*Provided data*
------------------------------------------------

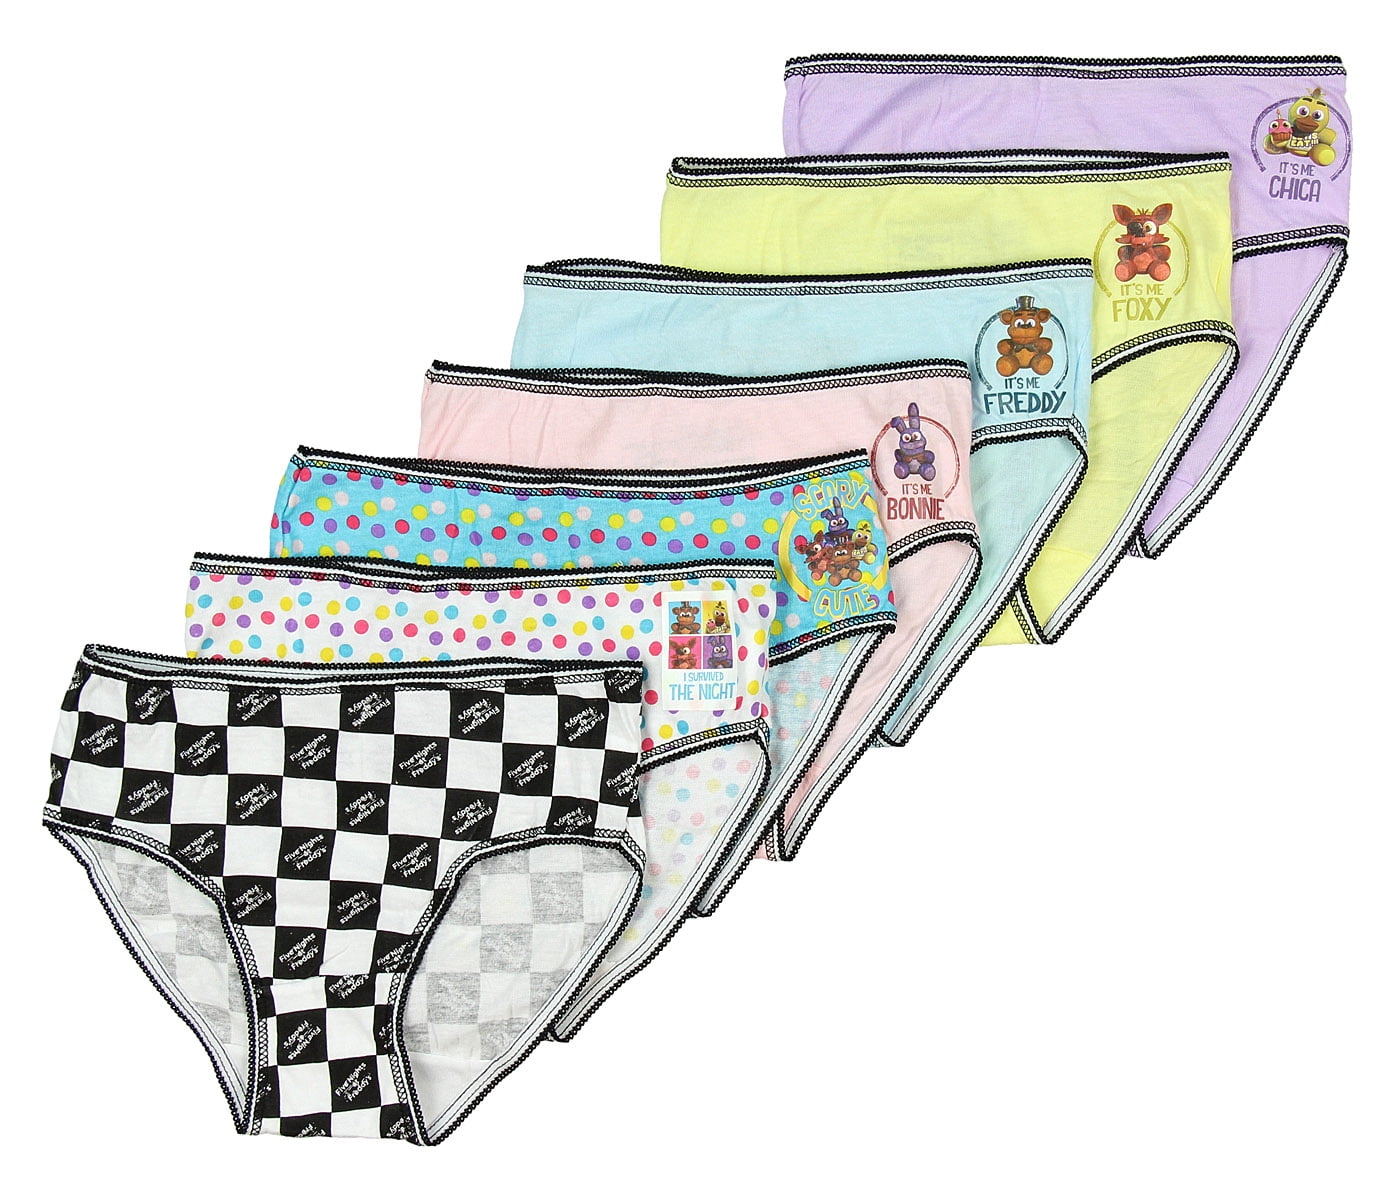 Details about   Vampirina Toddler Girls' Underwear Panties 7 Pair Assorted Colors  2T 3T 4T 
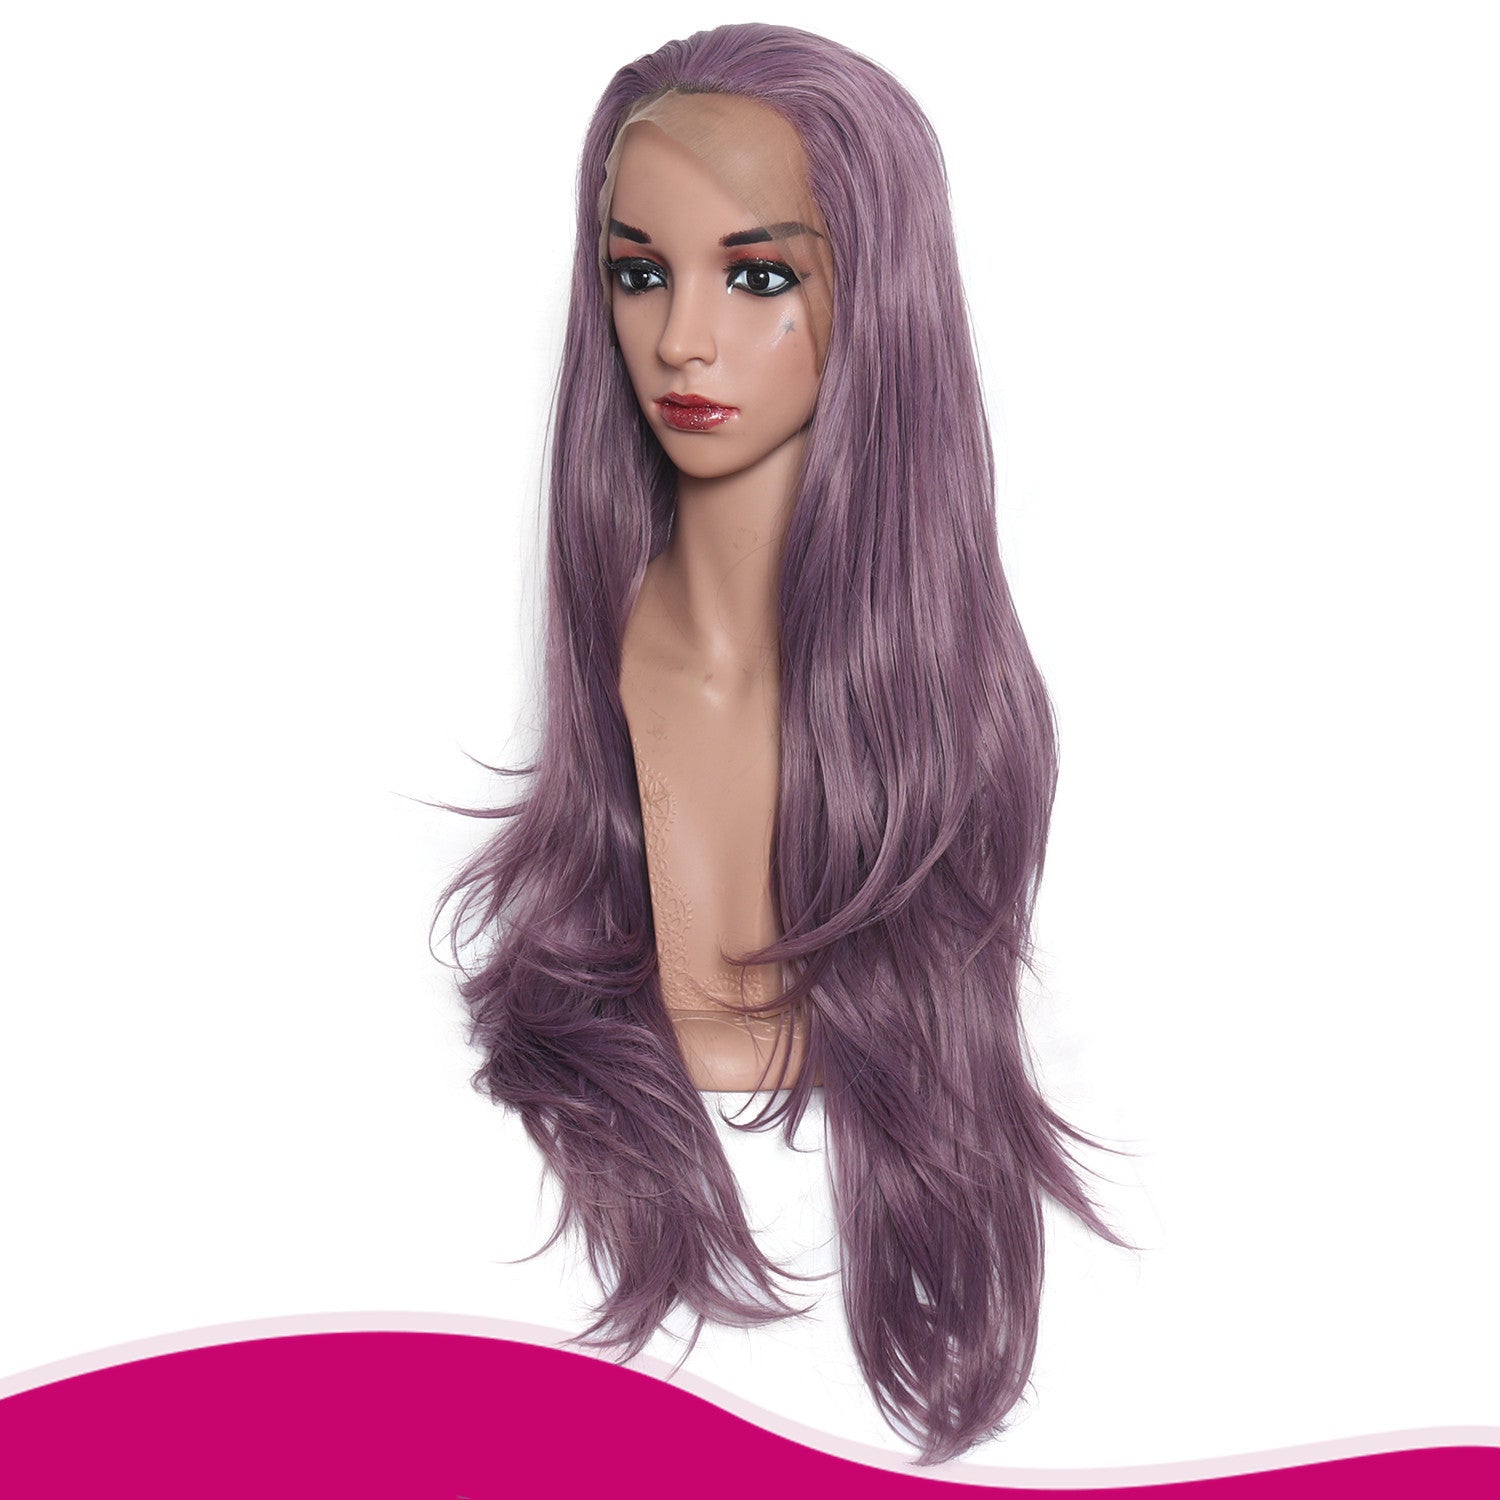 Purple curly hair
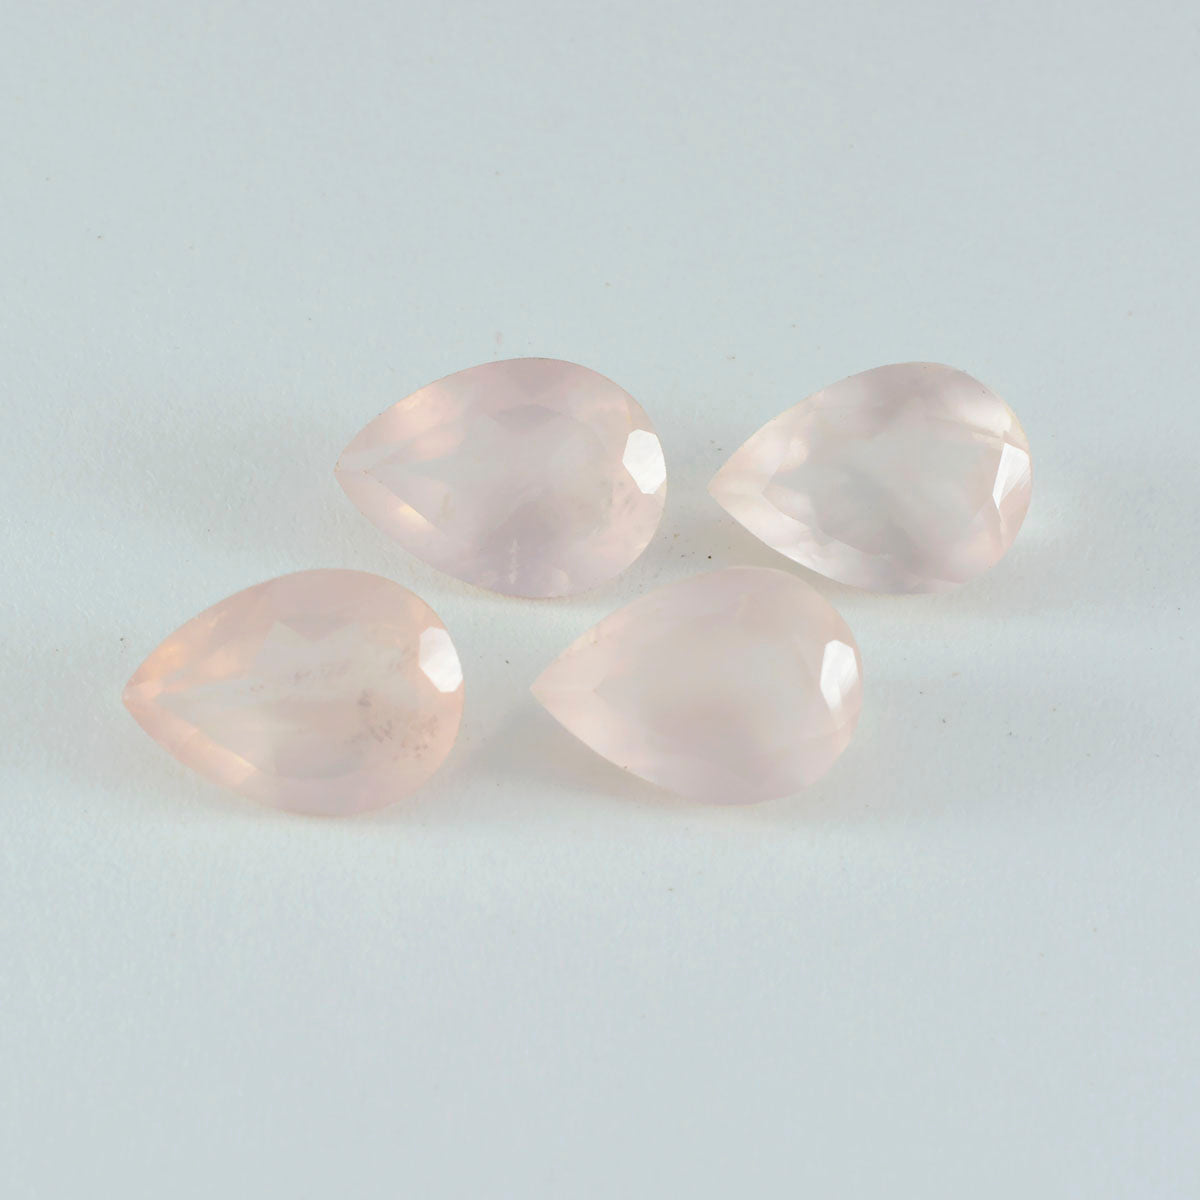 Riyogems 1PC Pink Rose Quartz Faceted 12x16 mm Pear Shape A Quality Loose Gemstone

------------------------------------------------

*Assignment*
Exact copy, pictures removed: set down the whole listing above.

*Answer box*
 Details about   Vampirina Toddler Girls' Underwear Panties 7 Pair Assorted Colors  2T 3T 4T 
 Purple curly hair
 Riyogems 1PC Pink Rose Quartz Faceted 12x16 mm Pear Shape A Quality Loose Gemstone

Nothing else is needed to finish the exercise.